Вернувшись домой, я уселся за письменным отцовским столом и продолжал зубрить мою роль. В доме стояла тишина: отец спал, и, как всегда во время его дневного сна, все в доме жило особенной приглушенной жизнью. Еле слышно прошелестела тень бабушки - она готовилась к тому моменту, когда отец проснется. Глухо и осторожно позванивали чайные стаканы в столовой, из открытой двери в кухне было слышно, как певуче закипает чайник на медленном огне. Бабушка вернулась в кабинет убрать письменный стол - смахнуть несуществующую пыль, вытряхнуть из пепельницы окурки, пододвинуть карандаши и ручки так, чтобы было удобнее отцу, положить на видное место письмо тетки Саши, нашей дальней родственницы, на которое отец не отвечает уже которую неделю.

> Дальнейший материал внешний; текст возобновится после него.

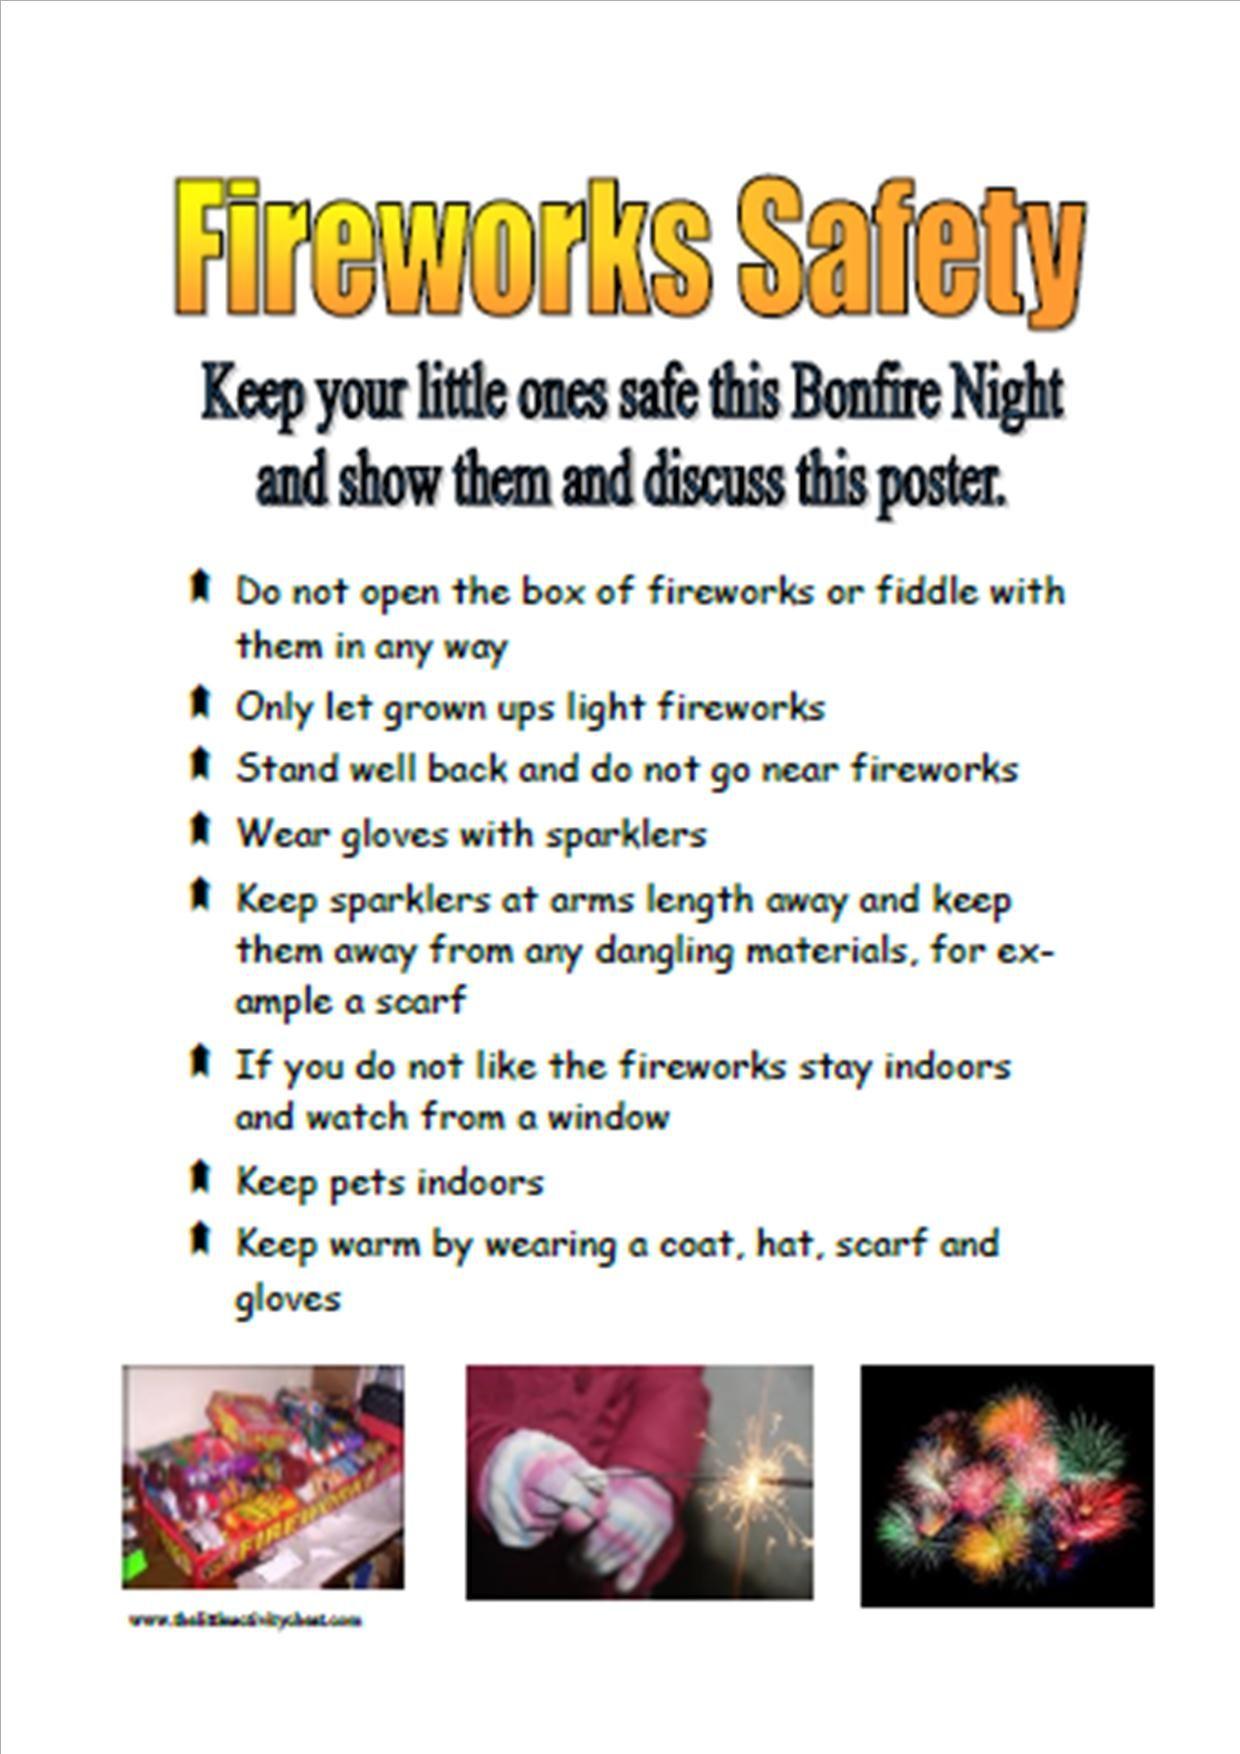 Firework Safety Poster Img

Я не помню, сколько прошло времени - приглушенная жизнь дома убаюкивала меня, когда неожиданно под самым окном, в черной и глухой мгле отчетливо затрещал пулемет. Как эхо откликнулся второй, а за ним в ровный треск пулеметной стрельбы врезалась беспорядочная перепалка. К столу, за которым я сидел, подбежала бабушка. Лицо ее было совершенно растерянно, на одном ухе, раскачиваясь, висели золотые очки. Дрожащими руками она взяла деревянный разрезной нож, бросила его и, схватив настольную электрическую лампу, перевернула ее вниз абажуром и принялась задувать изо всех сил. Почти истерический смех охватил меня, и я сам, давясь и захлебываясь, еле нашел выключатель. Уже в темноте я слышал, как бабушка, задев стул, бросилась в столовую, к дверям отцовской спальни. Она бормотала:
- Да что же это они стреляют? Они стрельбой разбудят Ленушу.

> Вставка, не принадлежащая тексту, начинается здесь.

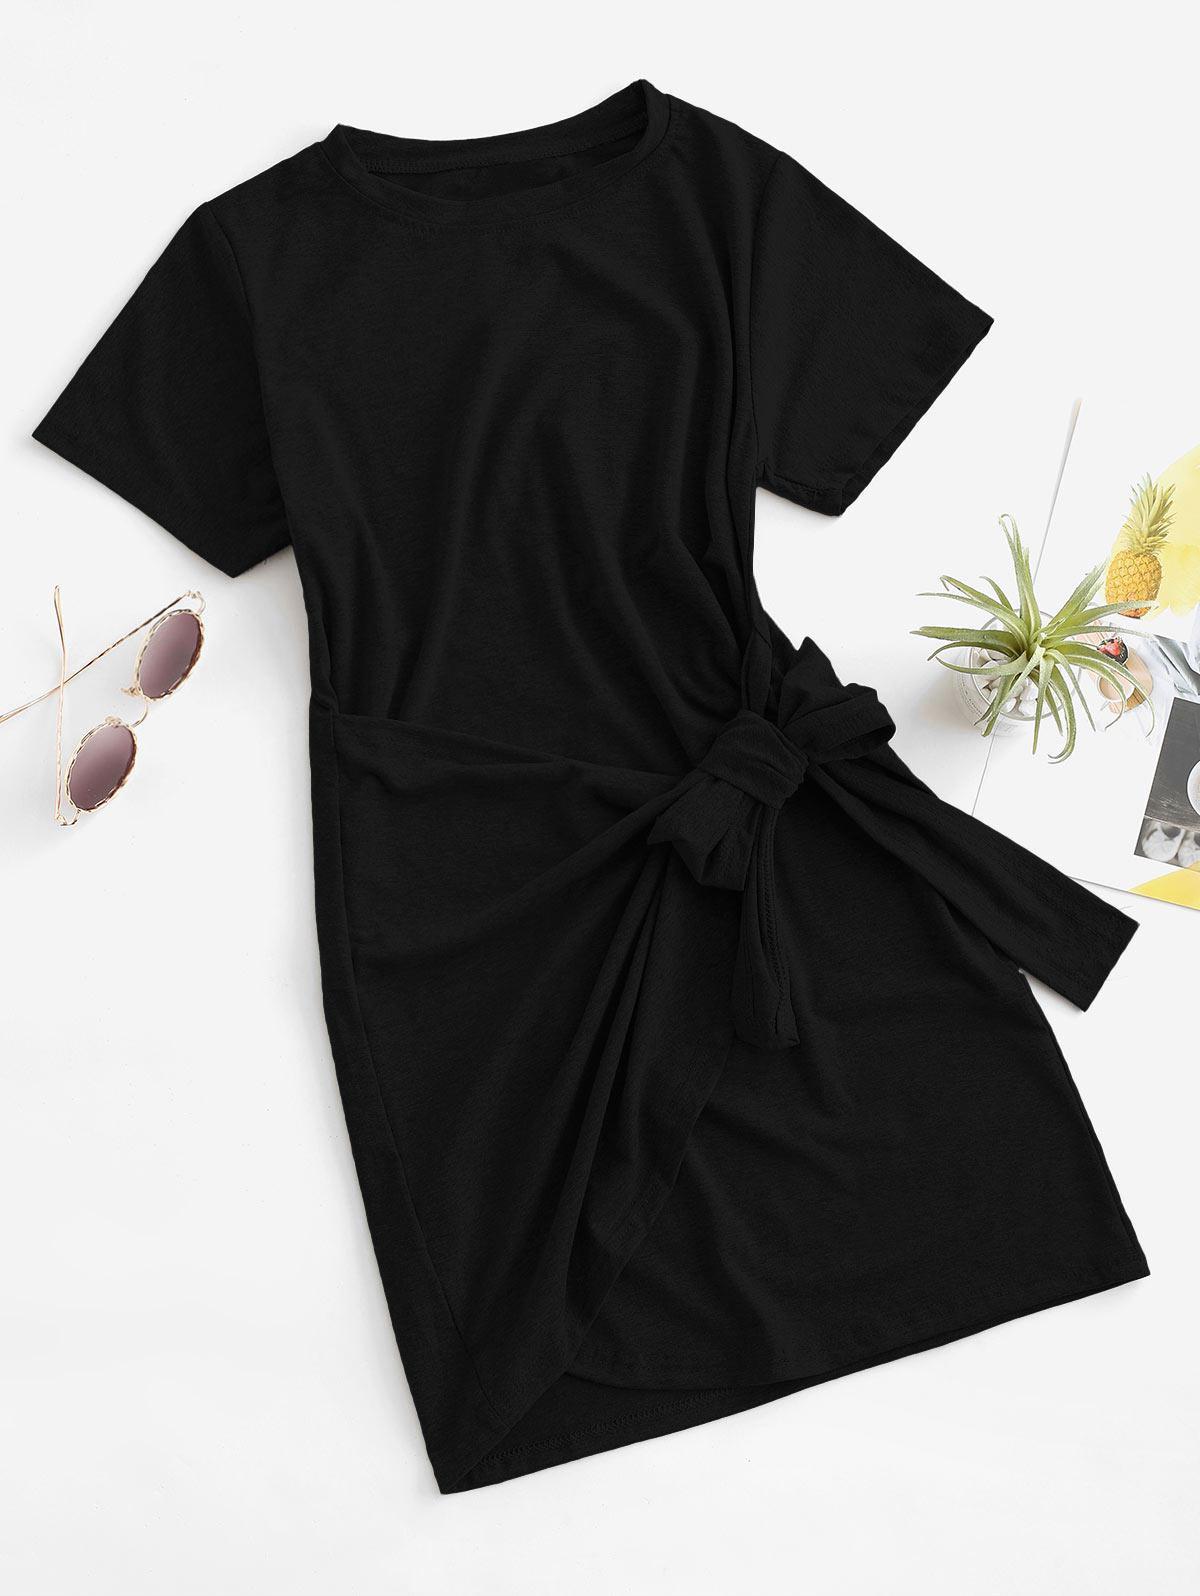 Overlap Tie Short Sleeve Tee Dress

Через несколько минут дверь в спальню открылась и в белом четырехугольнике (в спальной горел свет) появилась фигура отца.
- Маточка, ты что здесь делаешь? Почему потушено электричество?

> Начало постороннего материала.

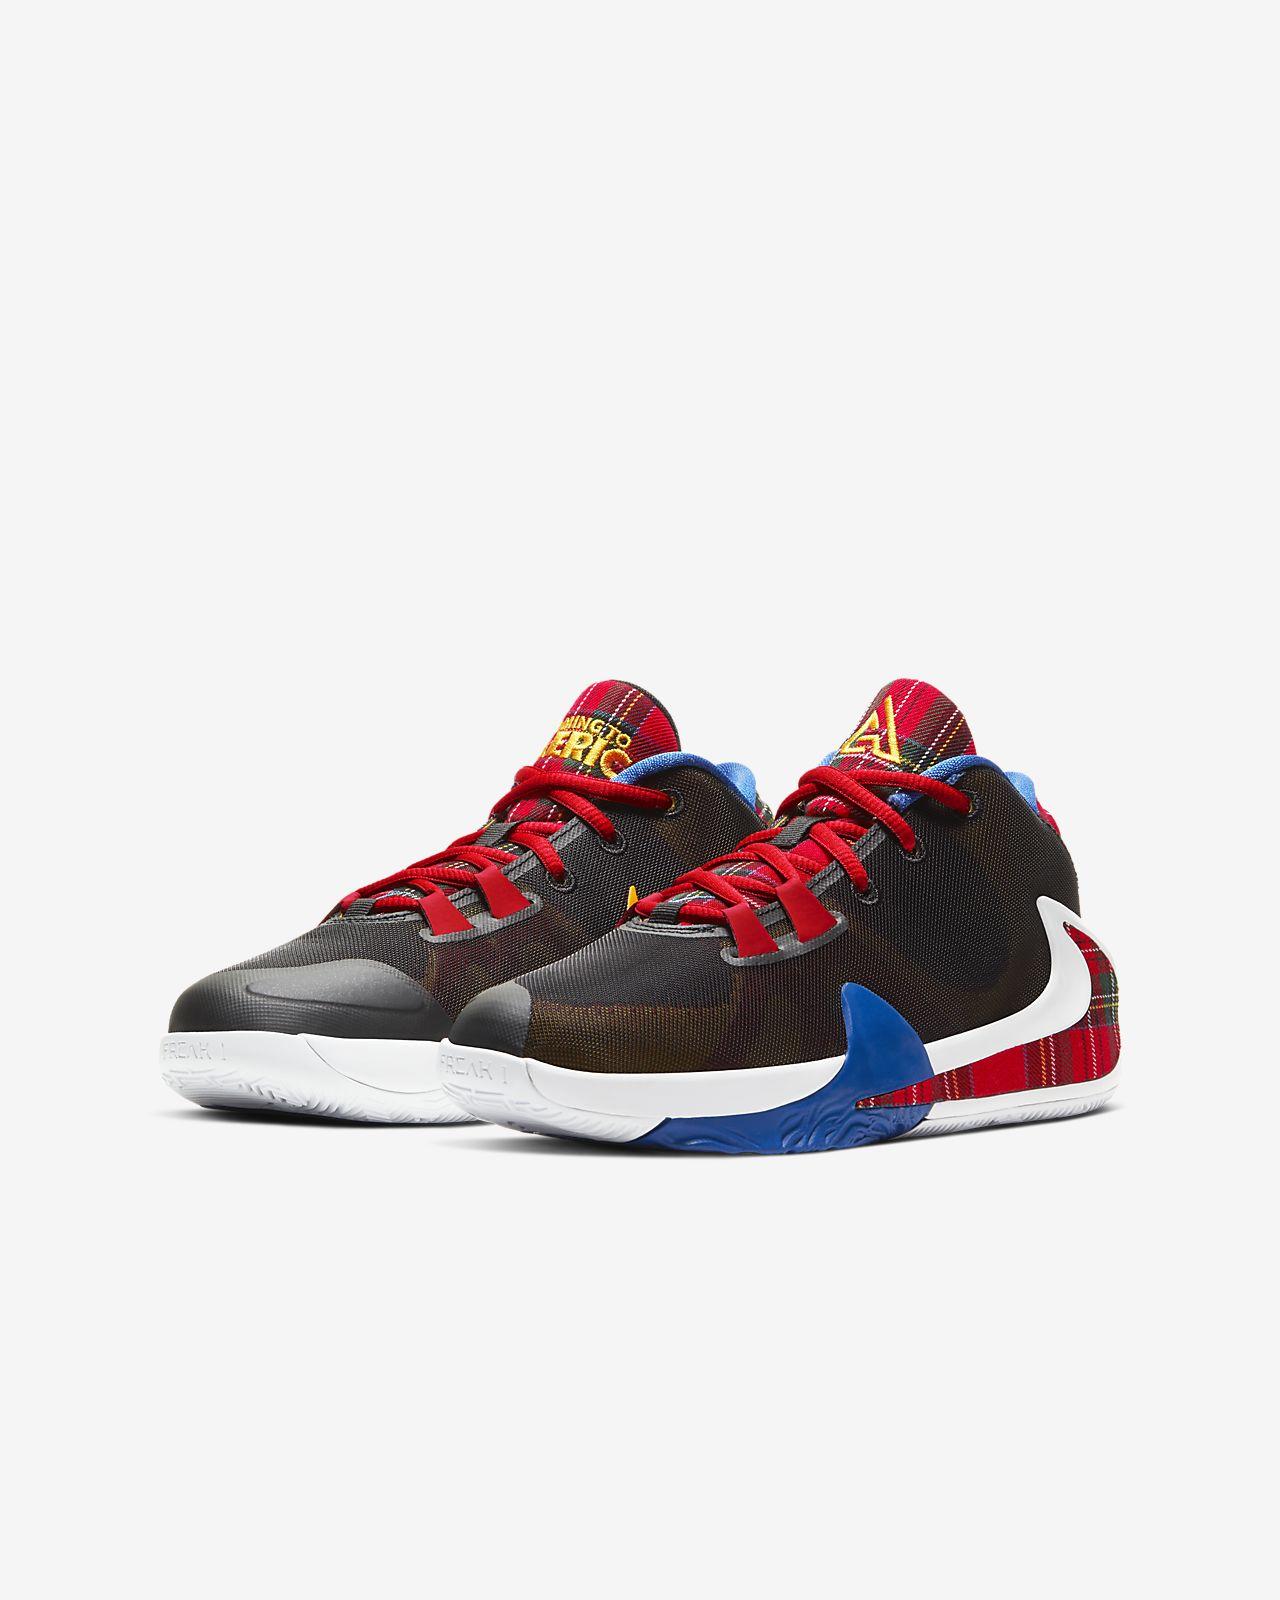 Nike Zoom GP Herren Basketballschuhe Lifestyle Gary Payton

Услышав твердый и спокойный голос отца, бабушка сразу успокоилась. Ее мгновенная паника исчезла. Она зажгла свет и начала разливать чай, правда еще дрожащими руками, но уже сама, смеясь, рассказывала отцу, как она задувала электрическую лампу.
В темных провалах высоких окон продолжалась стрельба. Вскоре пулеметы начали трещать почти непрерывно. Раздался тяжелый орудийный выстрел, и зарница вспышки осветила низкое, глухое небо, и глухо вздохнули закрытые окна - это "Аврора" стреляла по Зимнему дворцу. Бабушка, разговаривая с отцом, старалась не смотреть в окна, поворачивалась к ним спиною, делала вид, что не обращает внимания на стрельбу. Отец пил чай по обыкновению вприкуску, осторожно, стараясь не пролить на скатерть, подносил граненое блюдечко ко рту. В кабинете отчаянно зазвонил телефон, но когда я подошел - мне никто не ответил в глухо урчащую, как будто жившую своей собственной жизнью, телефонную трубку. В течение некоторого времени стрельба то приближалась, то удалялась медленно нарастающими пологими волнами, смешивалась с криками и сливалась в один сплошной гул. Потом все начало стихать и только редкие оружейные выстрелы прорезали темноту.
Зимний дворец был взят.
20
Мы приехали на Черную речку к вечеру холодного и серого дня. Лес стоял почти обнаженный, хмурый и злой. На голые, желто-черные поля опускался туман, изменяя очертания знакомых финских изб, - издали казалось, что это спят большие серые чудовища.
Вскоре, через несколько дней после нашего приезда в Финляндию, выпал снег и ударили десятиградусные морозы - началась бесконечная северная зима.
Тетя Наташа не ждала нас. Застигнутая врасплох, она в несколько часов попыталась вернуть жилой вид дому, погруженному в темноту и холод: протоплены были только две детских. Ее попытки, конечно, так и не увенчались успехом. Все осталось на прежних местах - денег было мало, и не только заменить сломанные вещи новыми, но даже протопить все пятнадцать комнат было невозможно. Поднялся занавес четвертого акта "Жизни Человека".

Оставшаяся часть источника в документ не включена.